Наконец он вспомнил почти-что всё, что минуту назад оставалось в тени его сознания. И как только цепочка фактов была восстановлена, мужчина будто ужаленный, подскочил на месте и бросился к тому, обёрнутому многими слоями тряпок шезлонгу, служившему ему местной койкой. Без труда приподняв не тяжёлую конструкцию, мужчина вытащил из-под неё один из трёх рюкзаков. С первого взгляда было ясно, что рюкзак, который он вытащил, был под завязку набит чем-то очень тяжёлым.

Расстегнув клапан горловины рюкзака, мужчина тут же запустил внутрь руку. Его ладонь легла на тёплую, нагретую окружающим воздухом, шершавую поверхность.

В руке у Пьера был один из самородков чистого золота. Размер самородка был таковым, что он едва вмещался в ладонь мужчины, а его вес заставлял Пьера напрячь руку, чтобы удерживать его перед лицом некоторое время.

– Мистер Баллорд… – растерянно произнёс Пьер, не отрывая взгляда от удерживаемого в руке самородка, как если бы образ человека, возникший в его памяти, можно было увидеть в драгоценном металле.

Двумя днями ранее Пьер сошёл с трапа самолёта в аэропорту Кашмир. Пьера встретили двое неприветливых мужчин с тёмно-коричневым цветом кожи. Лица этих людей, из-за многочисленных глубоких морщин, напоминали мятый пергамент.

Мужчины были одеты одинаковым образом, в светлые штаны и рубахи, которые приобрели коричневый оттенок из-за длительной нестиранности.

Пьер понял, что именно эти люди должны были забрать его из аэропорта. У них была не большая картонная табличка с его именем, написанным крупными чёрными буквами. Пьер поприветствовал встречавших его мужчин, стараясь выказать им своё радушие, однако в ответ он получил лишь скупое рукопожатие.

Вскоре, в полном безмолвии, Пьер ехал в душном салоне легкового автомобиля марки, какую он никогда не встречал и о существовании которой никогда не догадывался. Всё его внимание было поглощено сумасшедшей суматохой творившейся снаружи, здесь с трудом можно было разобраться в направлениях дорожного движения, в правилах, которыми руководствовались водители, управлявшие как обычными, для данной местности, легковыми автомобилями, так и причудливыми мотороллерами с широкими кузовами для транспортировки всего, что только могло туда поместиться.

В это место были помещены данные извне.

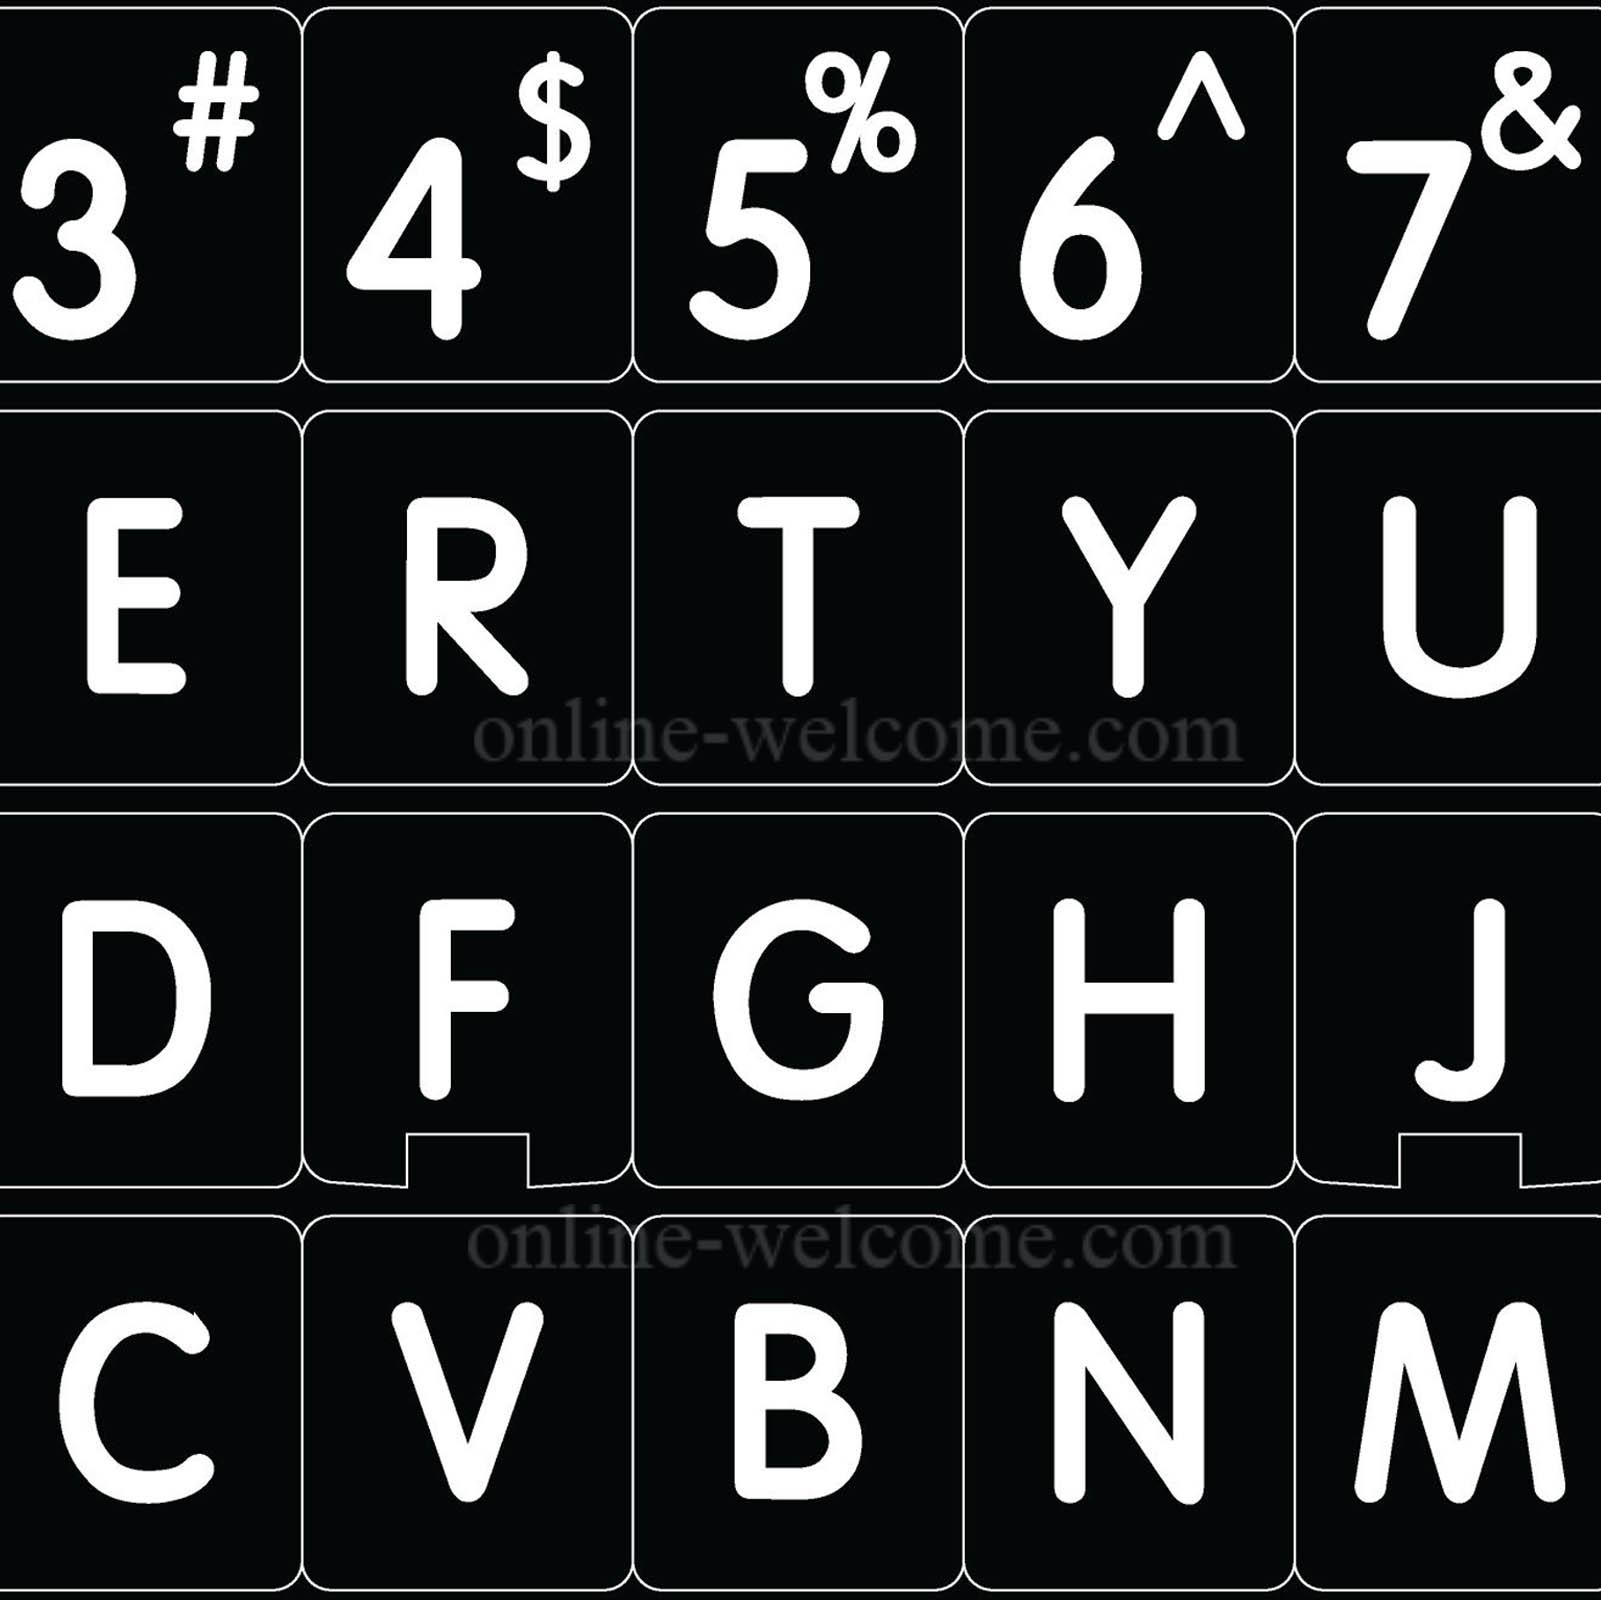 Mac English font round large letters black keyboard sticker

Пьер пришёл к выводу, что его поездка в Кашмир оказалась не такой уж плохой идеей. С одной стороны, неприятная сцена с Амили положила конец отношениям, которые зиждились на лицемерии и не могли, по идеи, привести ни к чему хорошему, с другой стороны все знакомые и коллеги Пьера регулярно ездили за границу в качестве туризма. Часто, люди утверждали, что подобные туристические путешествия были для них некой формой расширения кругозора. Однако Пьер понимал, что кругозор расширить очень сложно, если по прибытию в туристические центры, человек заселяется в фешенебельную гостиницу, при которой уже находится искусственный пляж, бассейн и зона отдыха. А единственные маршруты за пределы этой рукотворной зоны комфорта ограничиваются регулярным шопингом в торговые центры под строгим присмотром гидов.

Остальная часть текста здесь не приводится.